At this point we knew the problem wasn’t on our end, but that still left us with frustrated users. Our users have very high expectations of Kerika’s product quality and customer service, and we couldn’t explain the problem or manage expectations.

As software professionals ourselves, we are entirely sympathetic to others facing bugs or outages: we suffer these too, all the time, and take no pleasure in casting stones. But we do think Google could have done a better job of notifying people that there was a problem, so we could manage our users’ expectations accordingly.

This is what we try to do ourselves: when we find a bug, we reach out, proactively, to our users to let them know they were affected. We try to provide an honest description of what happened (if it’s a bug in Kerika, we are candid about it), and we provide updates while we work to fix the bug, and then we reach out to them later to make sure our fix works.

Here’s how our users react to our outreach:

“AWESOME! thanks! I’m recommending you to all my friends.” — a church pastor in Florida

“Woo! Yes. Thanks very much!” — marketing manager in Colorado

“WOW!  So impressed with your response time and thoughtfulness.” — small business owner in California

We concluded that any alternative cloud platform we chose had to come from a company that was more transparent and accessible: we wanted to be able to able to report problems and get them fixed, and most importantly, we wanted reliable channels of communication. If we know what’s going on with the cloud platform, it becomes much easier to manage our user’s expectations and keep them happy.

The full series:

 

 

Why we are integrating with Box; Part 1: Privacy Overhang

(The first in a series of blog posts explaining why, and how, we are adding Box as a cloud service in addition to our long-standing integration with Google Drive.)
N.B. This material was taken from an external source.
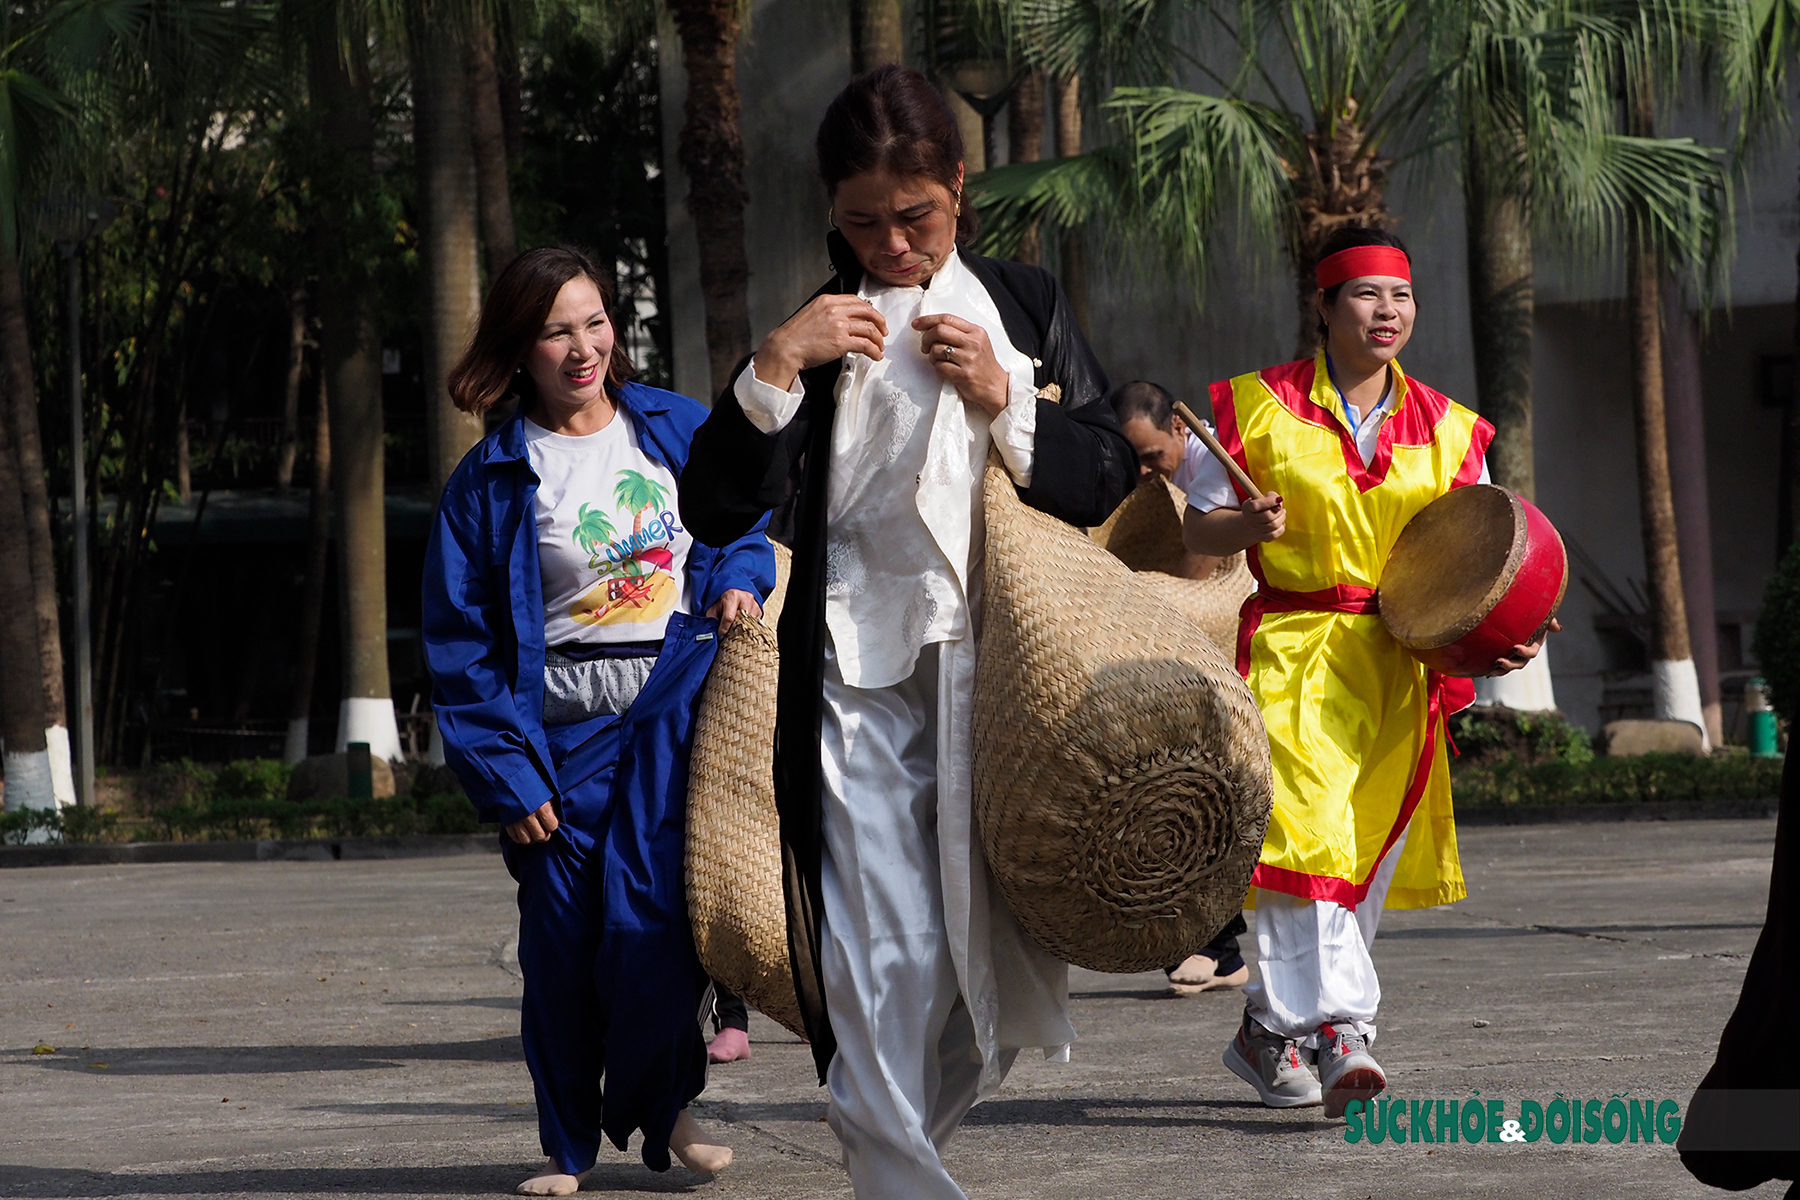 Chạy Ró làng Guột - Trò chơi dân gian đậm nét văn hóa vùng Kinh Bắc  - Ảnh 2.

When we first started working on Kerika, back in 2010, Google Docs was an obvious choice for us to integrate with: it was pretty much the only browser-based office suite available (Microsoft Office 365 wasn’t around and Zoho was, and remains, somewhat obscure), and we were quite sure we didn’t want to get in the business of storing people’s desktop files in the cloud.
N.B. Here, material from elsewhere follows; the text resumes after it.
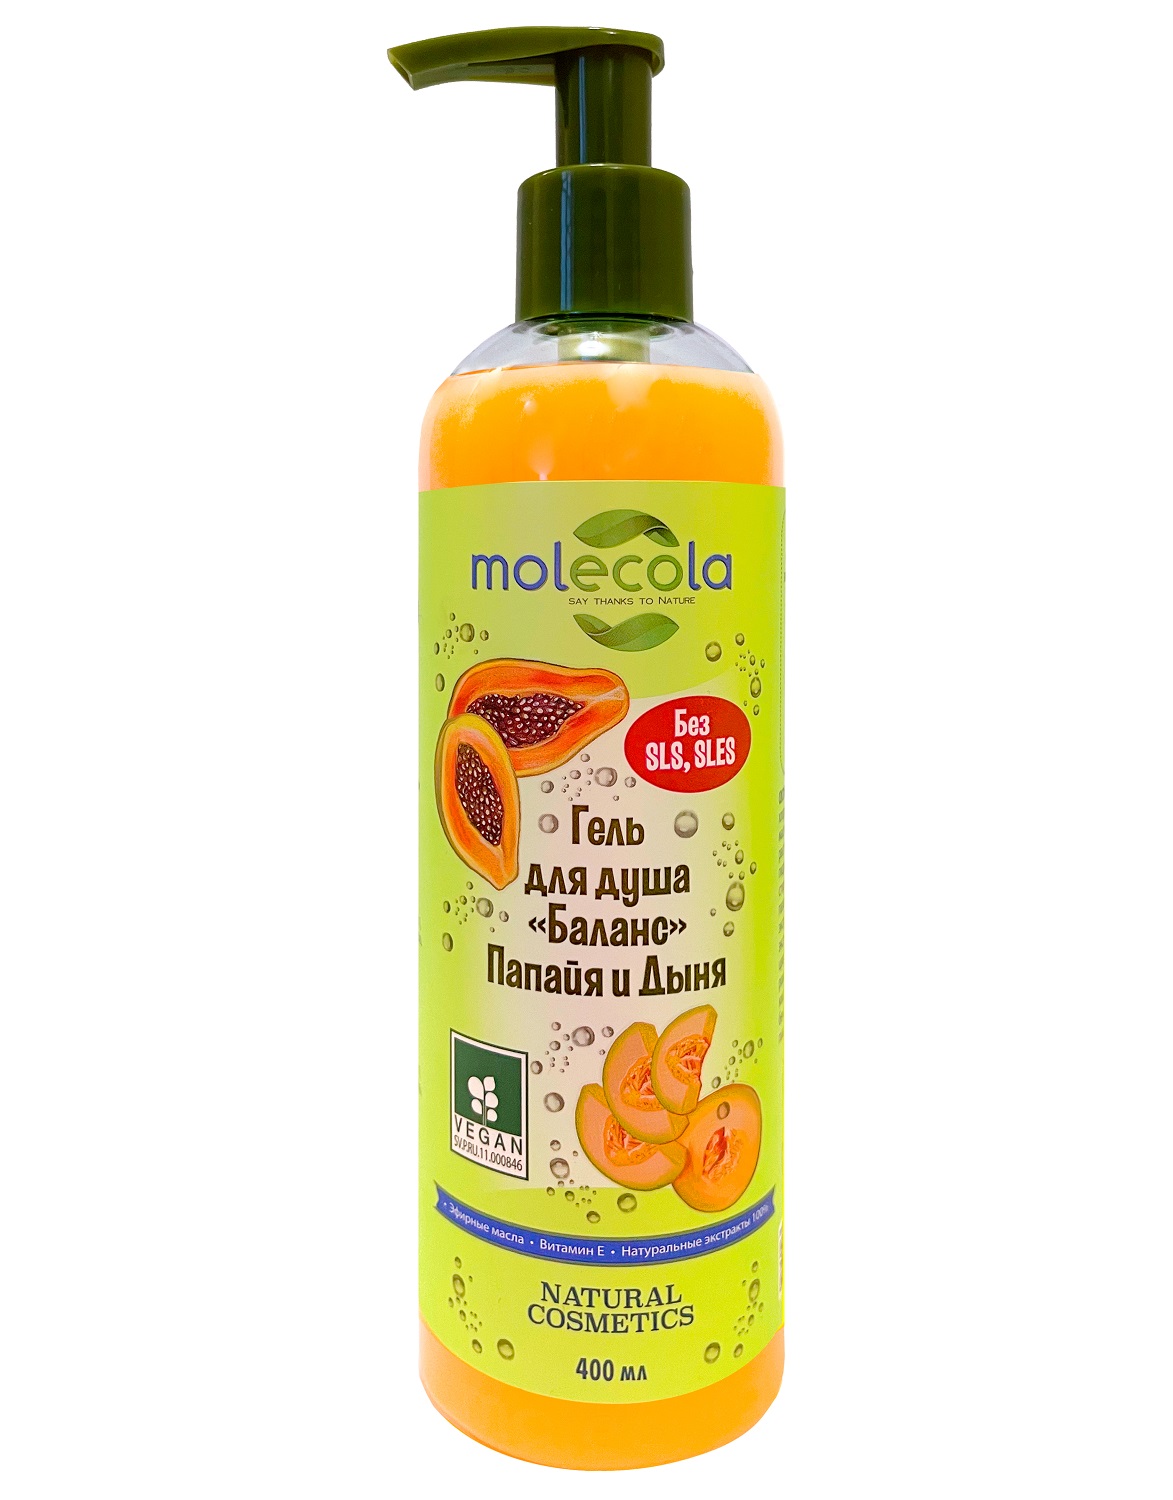 Molecola Гель для душа «Баланс» с папайей и дыней, 400 мл (Molecola, Для душа и ванны)

Google Docs (not yet renamed Google Drive) did have various limitations in terms of the file types it would support, and further limitations on the maximum size permitted of different types of files — the largest spreadsheet that they would support, for example, wasn’t the same size as the largest Word document — but the idea of building Kerika as a pure-browser app was a very appealing one.
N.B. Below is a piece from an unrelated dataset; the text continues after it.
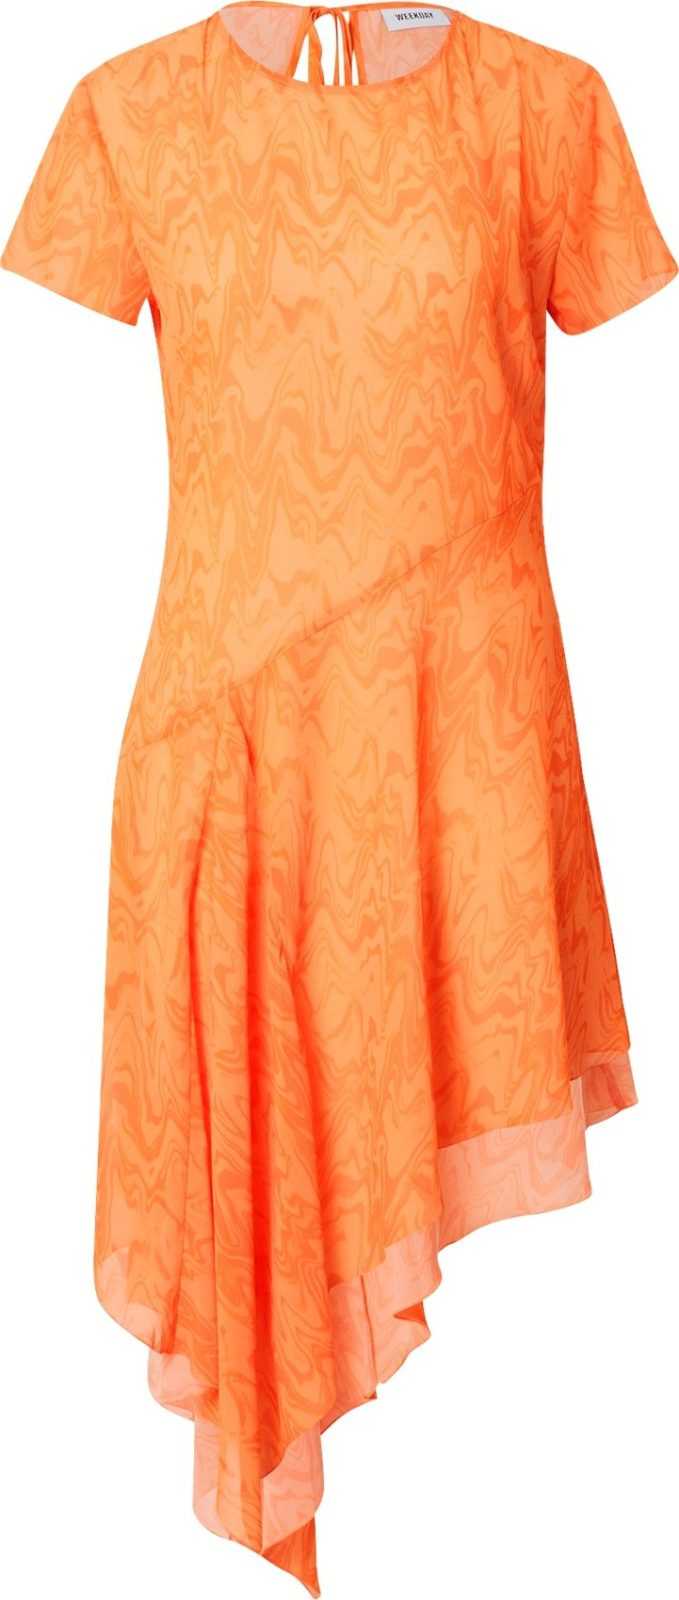 WEEKDAY Šaty oranžová / jasně oranžová

So we integrated with Google Docs at a low level, fully embracing their API, to provide a seamless experience unlike anything that you might find from competing products:

  • When you add a document to a card or canvas in a Kerika board, it is automatically uploaded to your Google Drive, where it is stored in a set of nested folders.
  • When you add people to a Kerika board, their Google Drives automatically get dynamic links to your Google Drive, giving them just the right access, to just the right files.
  • When people’s roles change on a project team, their Google Docs access is automatically and instantly changed.
  • When a document is renamed in Kerika, the new name is reflected back in Google Drive.

Many of our users who are already using Google Docs loved our integration: one user went so far as to say “Kerika makes Google Docs sing!”

The Google integration was not easy, particularly in the early days when there were wide gaps between the documentation and the reality of the API: we had to frequently resort to the wonderful Seattle Tech Startups mailing list to cast about for help.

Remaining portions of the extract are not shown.